*** Block opens ***

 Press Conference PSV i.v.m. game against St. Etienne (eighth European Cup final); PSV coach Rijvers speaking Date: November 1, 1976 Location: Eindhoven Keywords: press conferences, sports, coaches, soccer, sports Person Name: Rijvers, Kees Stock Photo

*** Block closes ***
*** Block opens ***

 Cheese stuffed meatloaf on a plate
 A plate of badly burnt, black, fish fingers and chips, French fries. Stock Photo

*** Block closes ***
*** Block opens ***

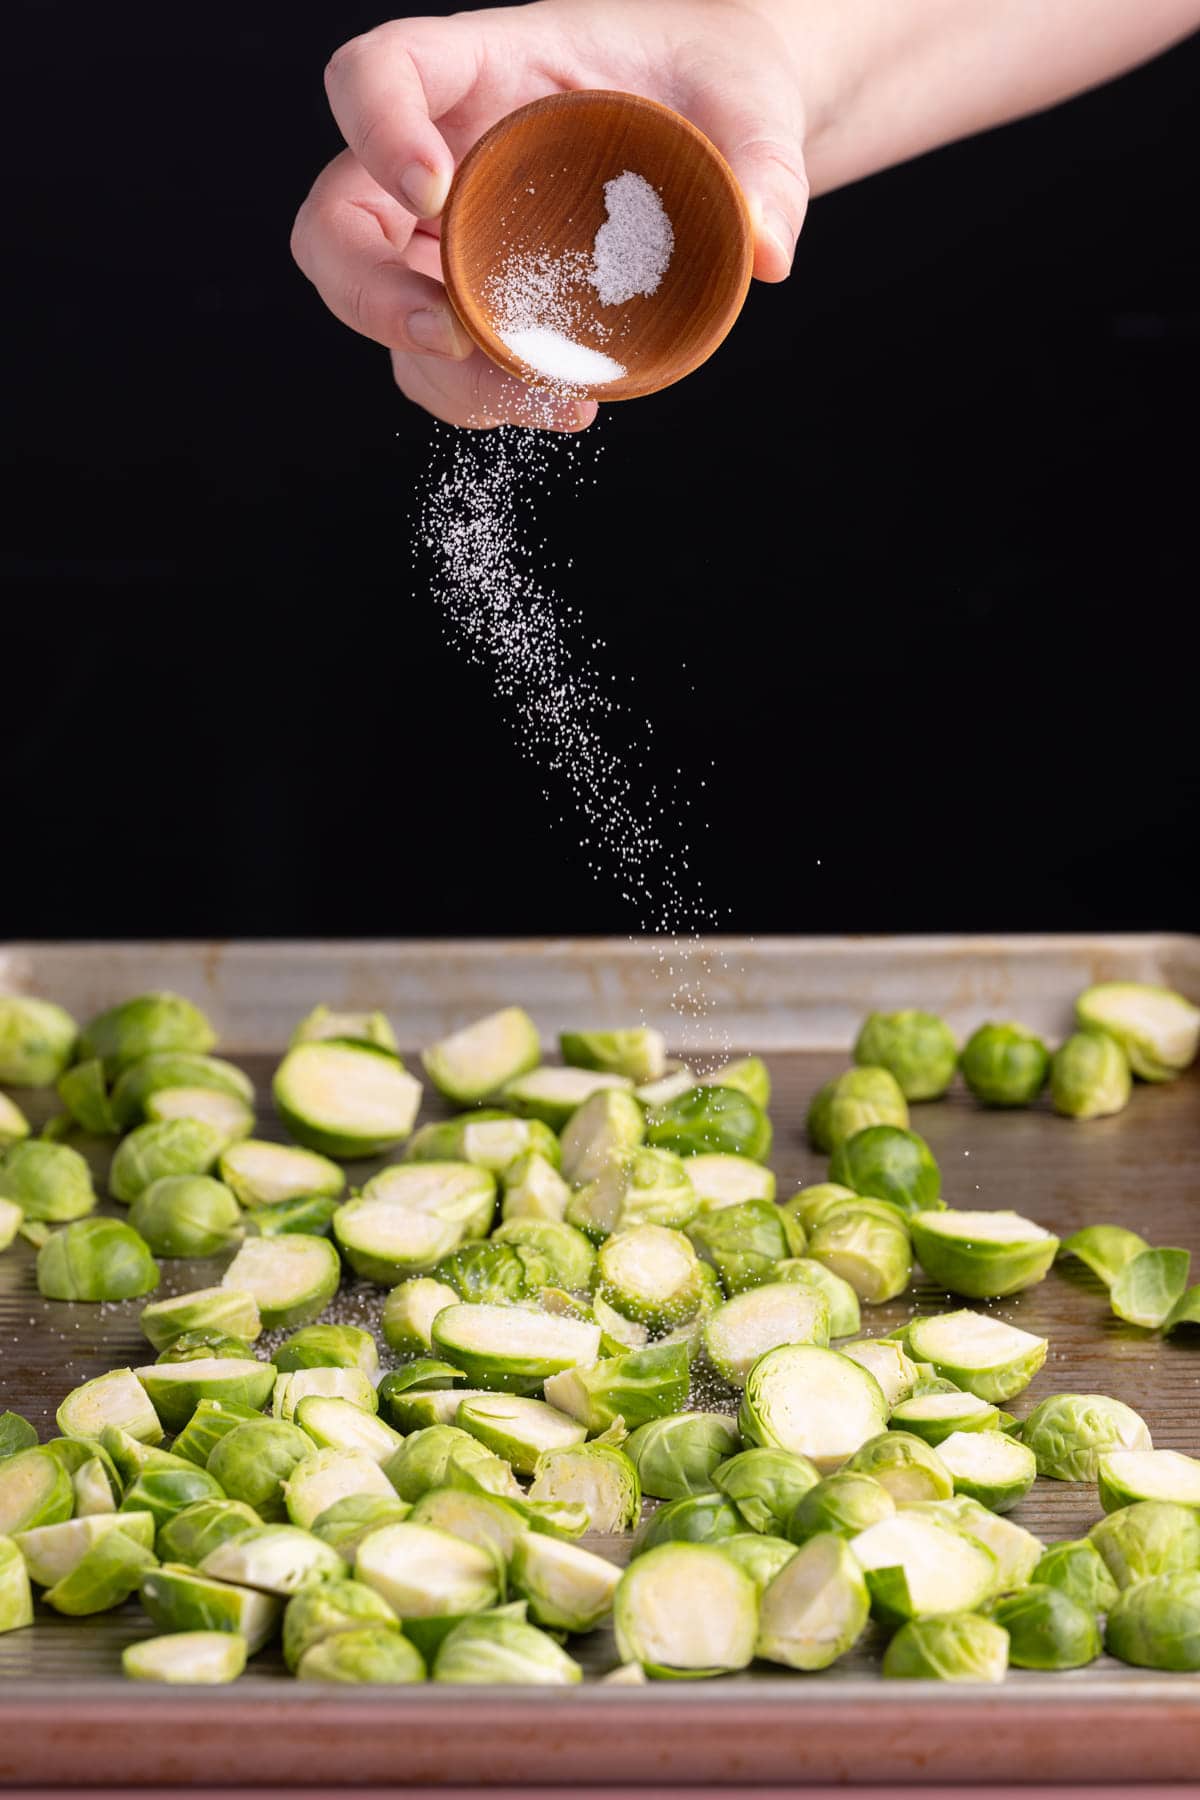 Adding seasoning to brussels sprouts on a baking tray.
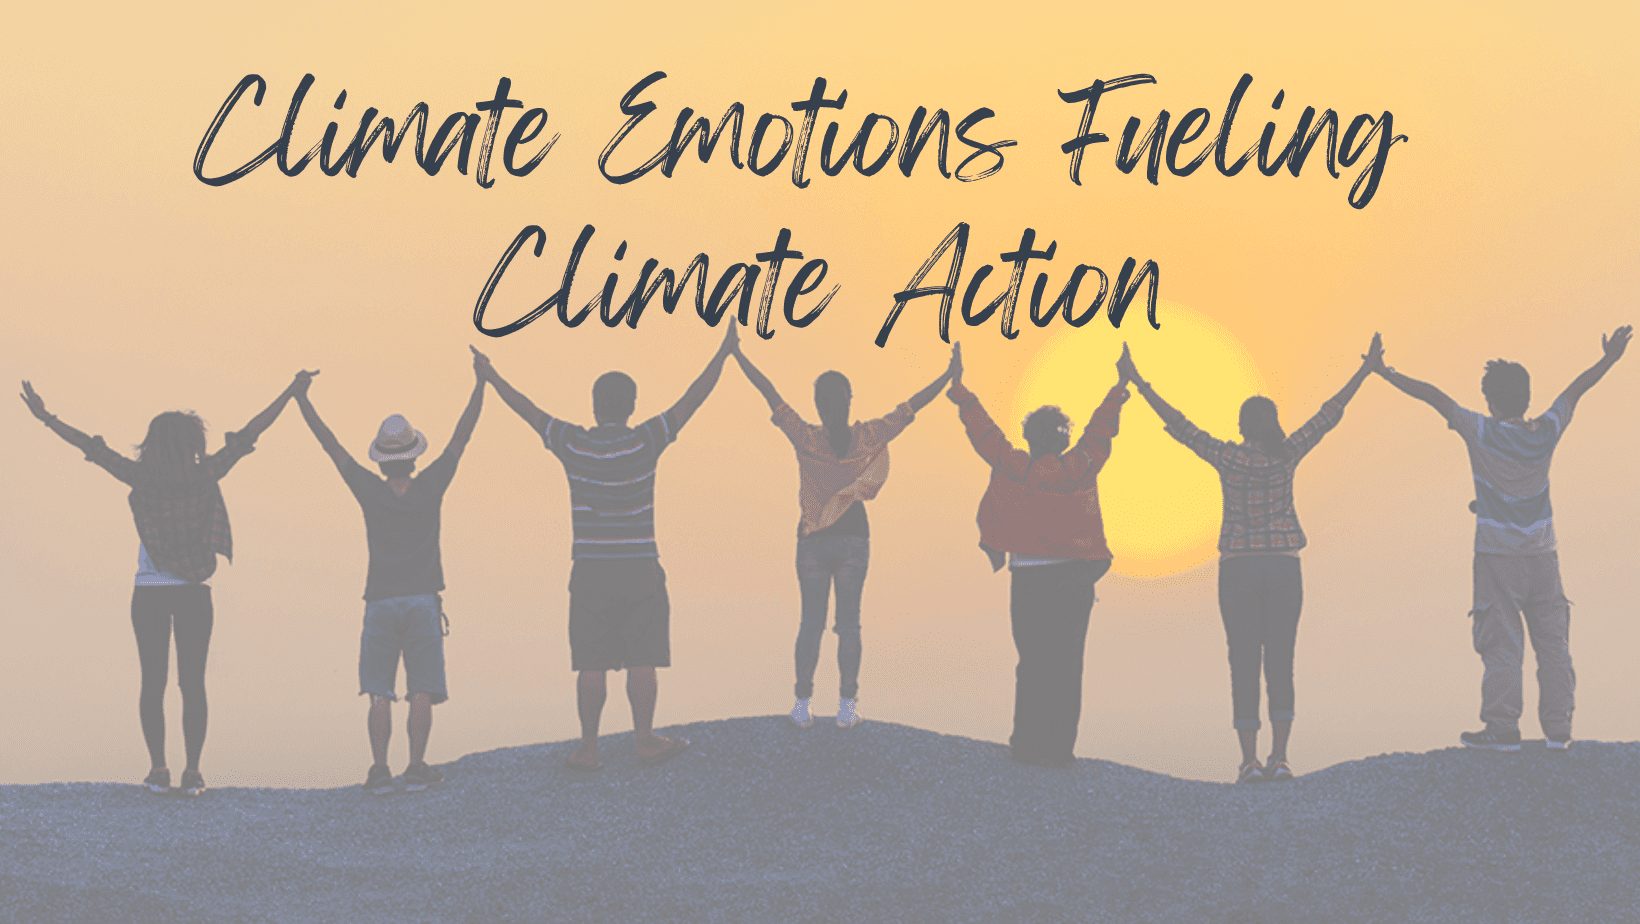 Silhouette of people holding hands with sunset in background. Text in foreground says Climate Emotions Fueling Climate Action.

*** Block closes ***

- [Exercise] Return every line above in which the string "Photo" occurs.

- [Expected answer]
 Press Conference PSV i.v.m. game against St. Etienne (eighth European Cup final); PSV coach Rijvers speaking Date: November 1, 1976 Location: Eindhoven Keywords: press conferences, sports, coaches, soccer, sports Person Name: Rijvers, Kees Stock Photo
 A plate of badly burnt, black, fish fingers and chips, French fries. Stock Photo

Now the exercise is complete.